Solved – What’s the “best” way to calculate sample size for A/B tests

ab-testsample-size

I've read several seemingly conflicting accounts on the best way to calculate sample size. Visual Website Optimizer (VWO) has a lengthy article on this topic. So does Evan Miller. And so does Optimizely.

Using the various tools to estimate sample size with the following settings:

  • Baseline Conversion Rate: 3%
  • Minimum Detectable Effect: 20%
  • Significance: 95%
  • Variations: 2

I get the following from the various calculators:

  • VWO (have to set "daily visitors" to 1 to get exact sample size): 25,867
  • Evan Miller (set to relative, stat. power 80%): 13,050
  • Optimizely: 13,000

Given the seemingly different methods of calculation, which one is the "best" to use? I'm trying to understand how to approach this issue of sample size. Thanks!

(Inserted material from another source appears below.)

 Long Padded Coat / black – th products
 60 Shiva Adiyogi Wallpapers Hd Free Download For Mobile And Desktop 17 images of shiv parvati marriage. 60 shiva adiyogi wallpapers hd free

(I had to list links here because I need more points to post more than 2 inline links)
References:

Articles:

  1. vwo.com/blog/how-to-calculate-ab-test-sample-size/
  2. www.evanmiller.org/how-not-to-run-an-ab-test.html
  3. help.optimizely.com/hc/en-us/articles/200133789-How-long-to-run-a-test

Calculators:

  1. vwo.com/ab-split-test-duration/
  2. www.evanmiller.org/ab-testing/sample-size.html
  3. www.optimizely.com/resources/sample-size-calculator/?conversion=3&effect=20&significance=95

Best Answer

There is no best to use because each method relates to specific assumptions about the testing methodology. Evan Miller's calculator calculates sample size for a two-tailed test. In the past Optimizely's calculator was calculating samples for a one-tailed test. Currently, Optimizely uses a Bayesian states engine and their sample size calculator has no input for Power, based on the construction of their stats engine. You can back into the sample size for each variation in the VWO calculator by multiplying the daily traffic * the number of days the test will run / number of variations. The results seem to imply they are also calculating sample size generically, like Evan's calculator, for a two-tailed hypothesis.